Но зато я до сих пор до мелочей помнил ее ноги. Невероятно длинные, дерзкие, они тянулись от красных туфелек на высоком каблуке до волнующей вселенной под подолом короткого черного платья с такой грацией, что у меня, полупьяного мальчишки, защемило в груди от восхищения. И щиколотки. Нежные, тонкие, с внутренней стороны на правой ноге — маленькая тату четырехлистного клевера.
Изумляясь собственной наглости, я протолкнулся к барной стойке. И сморозил какую-то чушь, прожигая взглядом ее колени.
Девушка рассмеялась в ответ. Смерила меня игривым взглядом. И назвала красивым.
А потом мы оказались в машине.
Ее горячее гибкое тело обжигало меня. И даже приторно-сладкие духи, совершенно отвратительные, ничуть не испортили впечатление от процесса.
Она так и не спросила, кто я или как меня зовут.
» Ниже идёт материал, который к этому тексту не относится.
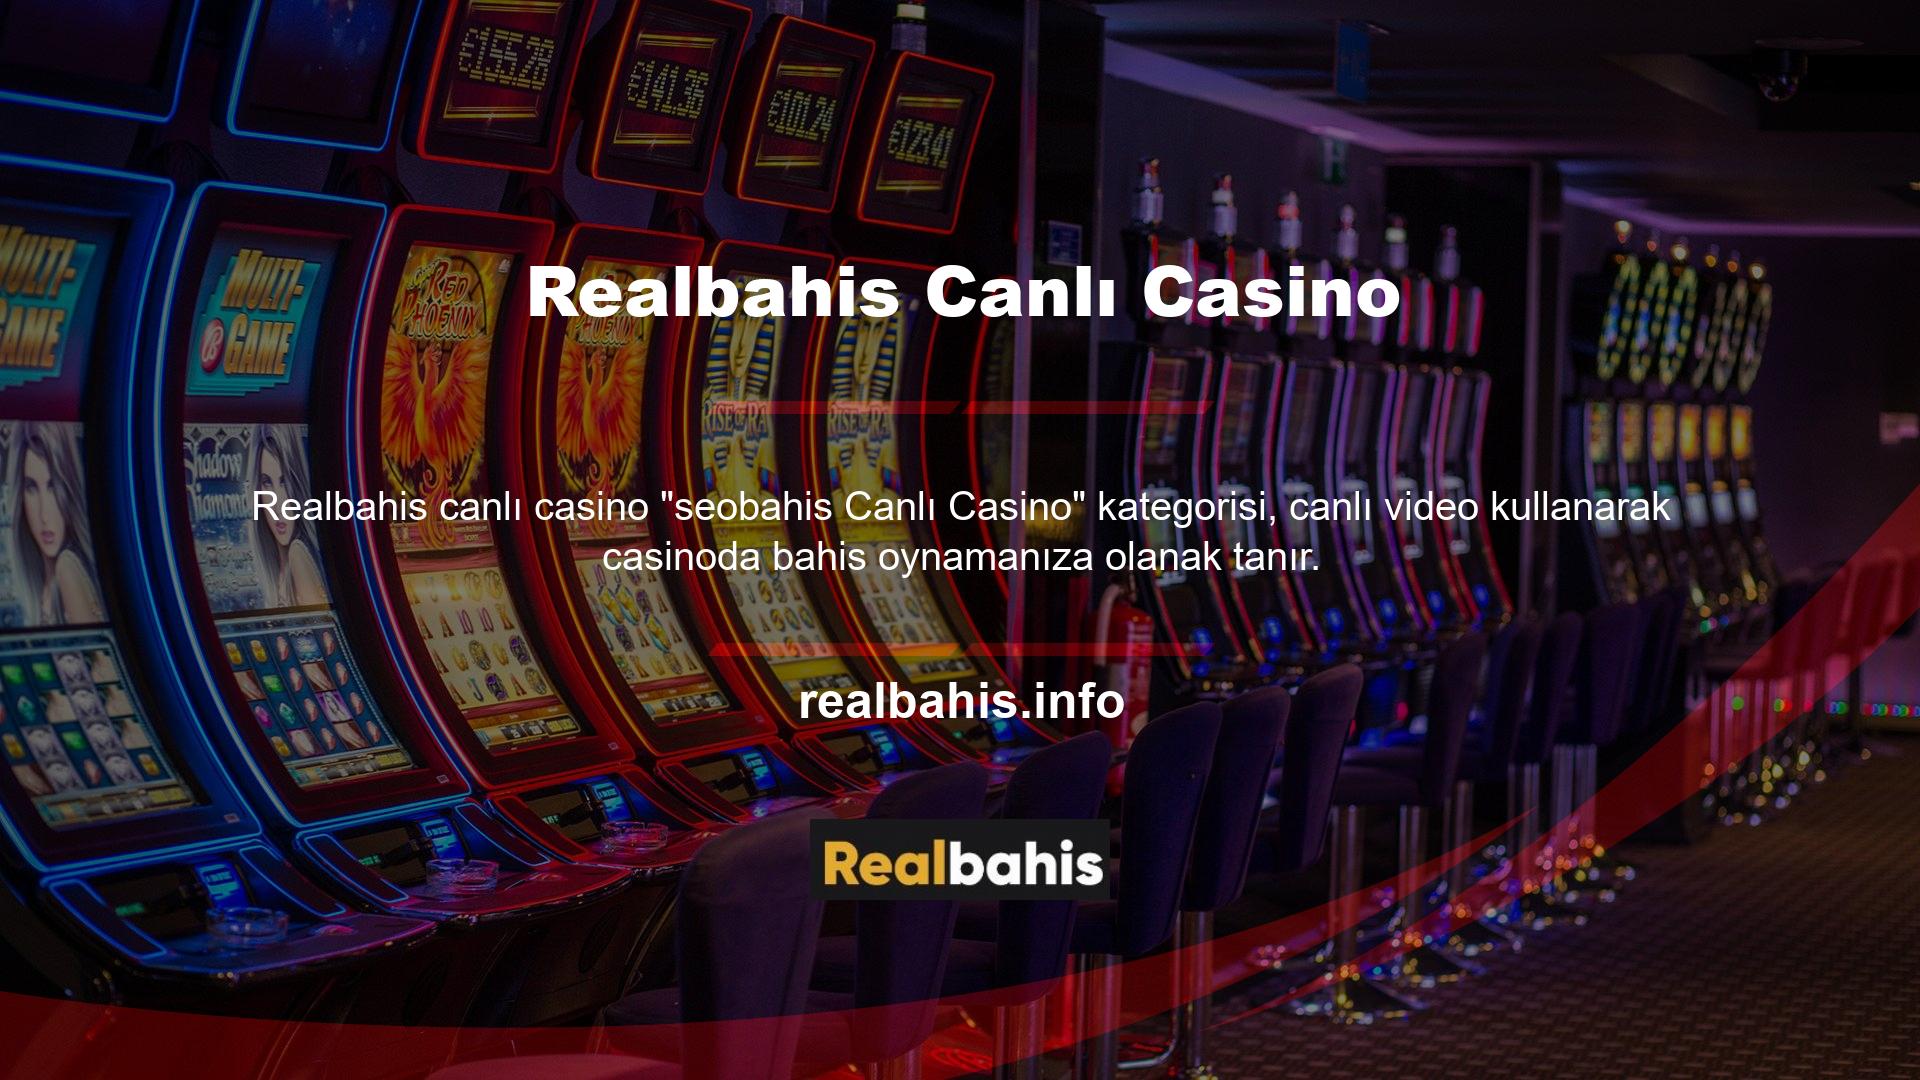 Realbahis ana sayfasına giriş yapıp, kategoriden "Canlı Casino" seçeneğini seçerek canlı maçları izleyebilirsiniz

Я тоже ни о чем не спрашивал.
Мы сошлись всего на пару часов и легко расстались, чтобы больше никогда не встретиться.
Потом у меня были разные женщины, красивые и не очень. Я помнил их лица, почти у всех знал имена. Но таких фантастических ног больше не видел…
— Слышь, мне кажется, или ветер больше не воет? — отвлек меня от воспоминаний Егор.
— Да, вроде стихло, — кивнул я.
— Может, и буря уже закончилась? Пойду-ка гляну.
Он высунулся из подполья в верхнюю комнату и расплылся в улыбке.
— А и правда вроде все! Ну-ка…
Он поднялся в комнату, и я последовал за ним.
В дыру на двери кроме застрявшего в ней трупа было видно очистившееся рыжеватое небо, солнце, склоняющееся к закату и серый песок.
У меня сразу будто камень с души упал.
Все и правда закончилось. Наконец-то!
— До твоих сколько примерно идти? — спросил я Егора.
Тот не сразу услышал мой вопрос. Широко расставив ноги, он всей грудью вдыхал свежий воздух пустоши — после нашего смрада внизу он и правда пьянил, как аромат леса после дождя.
— Егор! — окликнул я бородатого. — До твоих далеко, спрашиваю?
— Часа два с половиной, — ответил тот, наконец.
— Тогда что, выдвигаемся? — предложил я. — Вряд ли Медведь на ночь глядя куда-нибудь из своей дыры потащится. Так что у нас есть реальный шанс реализовать наш план.